Updating Preservation Wikipedia Pages
NDSA standards working group worked on updating the digital preservation page on Wikipedia. Columbia people led the effort, got people from other institutions on board as needed for expertise in specific areas. Annie Peterson volunteered to coordinate an effort within PS&P to edit the library preservation page on Wikipedia, and any other related pages that could use editing.
Involving New Librarians in Committees
It seems that new librarians are often unaware that they can volunteer to serve on committees, or even what committees exist. PARS/ALCTS could do a better job with outreach to new professionals, encouraging them to volunteer for committees.
Preservation Statistics Update
Holly Robertson reported that the survey closed on June 25, 2013. Deadline was extended to the end of July. The survey records preservation activities, a continuation of the ARL preservation statistics, and is different from the Heritage Health Index. Fifty-one people finished the survey; most of them were from ARL libraries. Additional people say they will complete it by the extended July deadline.

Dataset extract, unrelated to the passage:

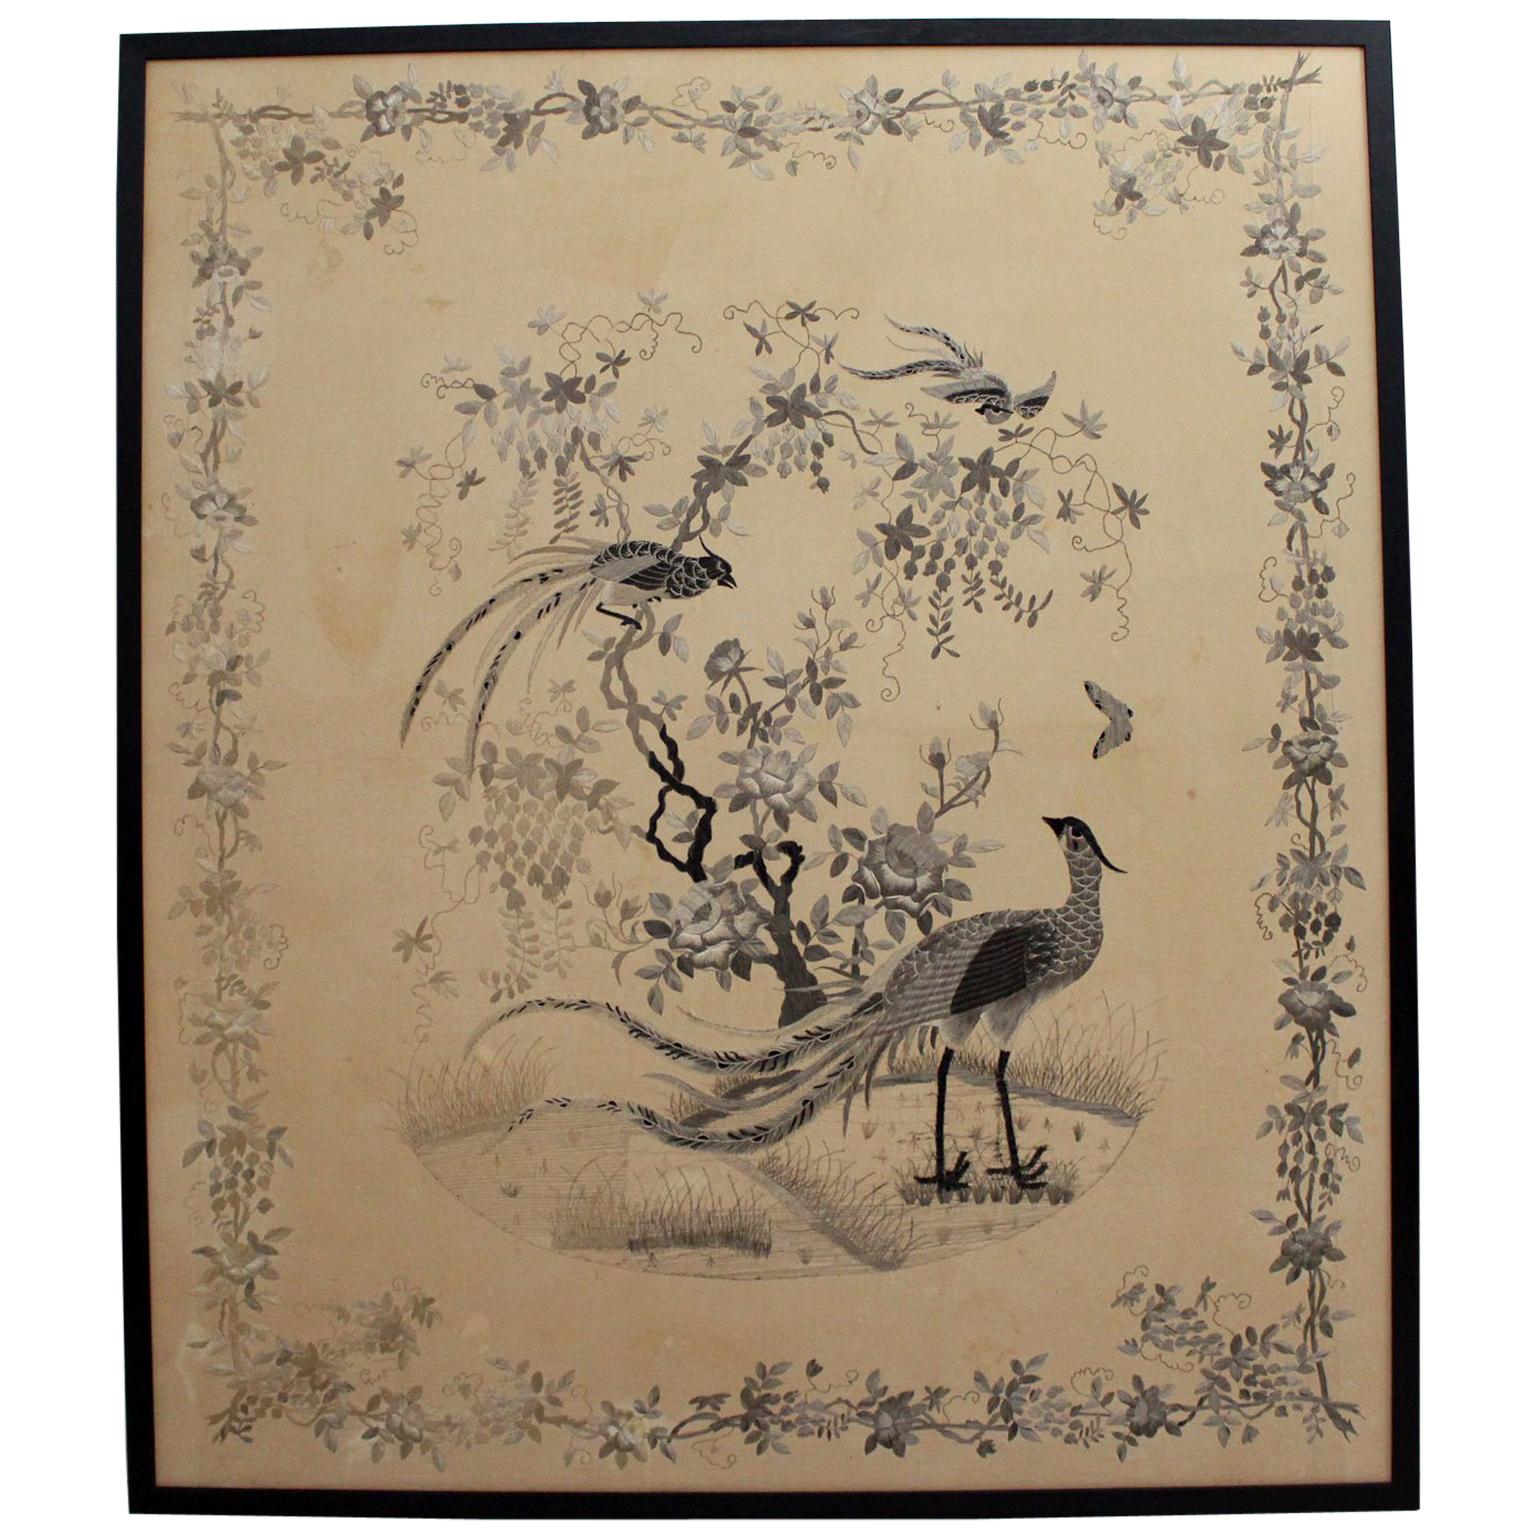 Very Large Antique Monochrome Chinese Hand Embroidery in Black Frame

Holly is looking for a survey coordinator; a publicity and outreach coordinator who can do data analysis and present the data visually and in other exciting ways. There are opportunities for publishing using the data. It is agreed that PS&P will be the keeper of the preservation statistics. Incoming Vice-Chair (Annie Peterson, in 2013) will be the primary survey person on PS&P and will pass it on the next year, to keep one person with past experience on the PS&P committee and allow for better continuity. Holly proposed creating a working group to formalize the statistics and make sure they happen again next year, and get them more embedded in the PARS structure. There is a need to get the statistics to be an ALA-sponsored agenda item so that it carries more weight. A home is also needed for hosting the data. Right now there is no place for it to be permanently stored.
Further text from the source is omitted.